Winters looked only slightly less hostile: now he was suspicious.
Walker tried to soothe him. “The arguments you were making were right. Your office had a guy come in who must have looked like Werfel and had Werfel’s identification. Your assistant manager had him sign the releases and quitclaims before she paid him. She followed the company’s procedures. The position you’re taking is correct: everything was done right. But the place for that conversation is inside the company, not with the beneficiary.”
Winters shook his head as though to clear it of Walker’s nonsense. “It’s twelve million. Suppose it was you. Suppose you could get a smaller amount—say five million, or six—today. Or, you could go to court for years, waiting and paying legal fees, and maybe never get a dime. Would you take the offer?”
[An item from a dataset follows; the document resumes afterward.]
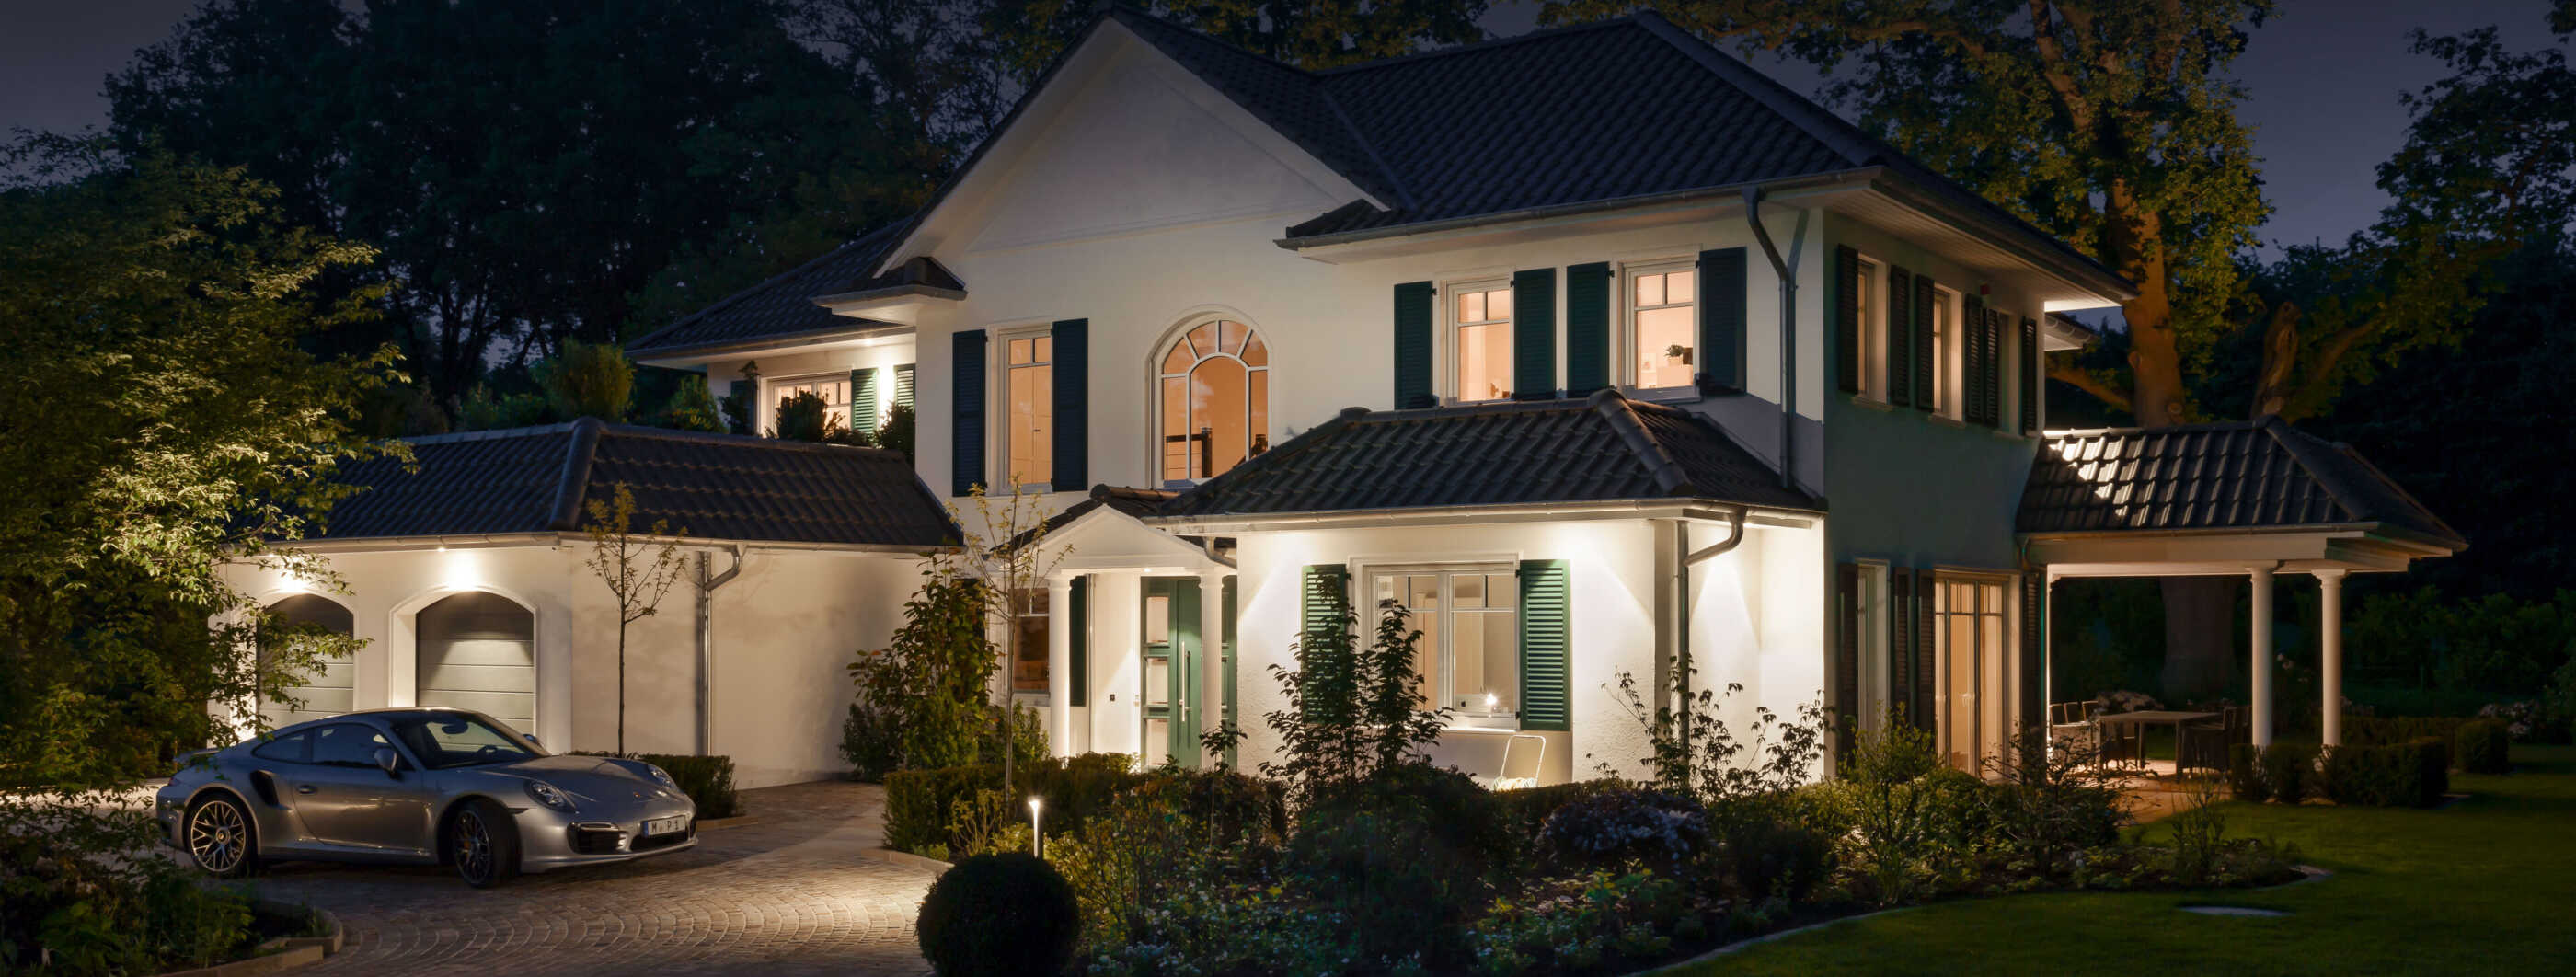 Eine luxuriöse Villa bei Nacht. In der Einfahrt steht ein Sportwagen, die Fassade wird durch Einbaudownlights punktuell beleuchtet. (Foto: Prediger Lichtberater)

“Yes,” said Walker. “I would. But the reason I would is that I don’t have five million, and never expect to. If I were Alan Werfel, I think I would sue for it.”
Winter smiled and raised his eyebrows. “Let him.”
Walker tried again. “The company will get its money back when this fake Werfel is caught. Maybe all of it, maybe just a big part of it. The company has a really good record of recovery in simple fraud cases. Seventy-six point eight percent last year.” He wished he had not said that. He was sounding like an analyst; high-level executives probably didn’t have statistics spilling from their memories into their conversations.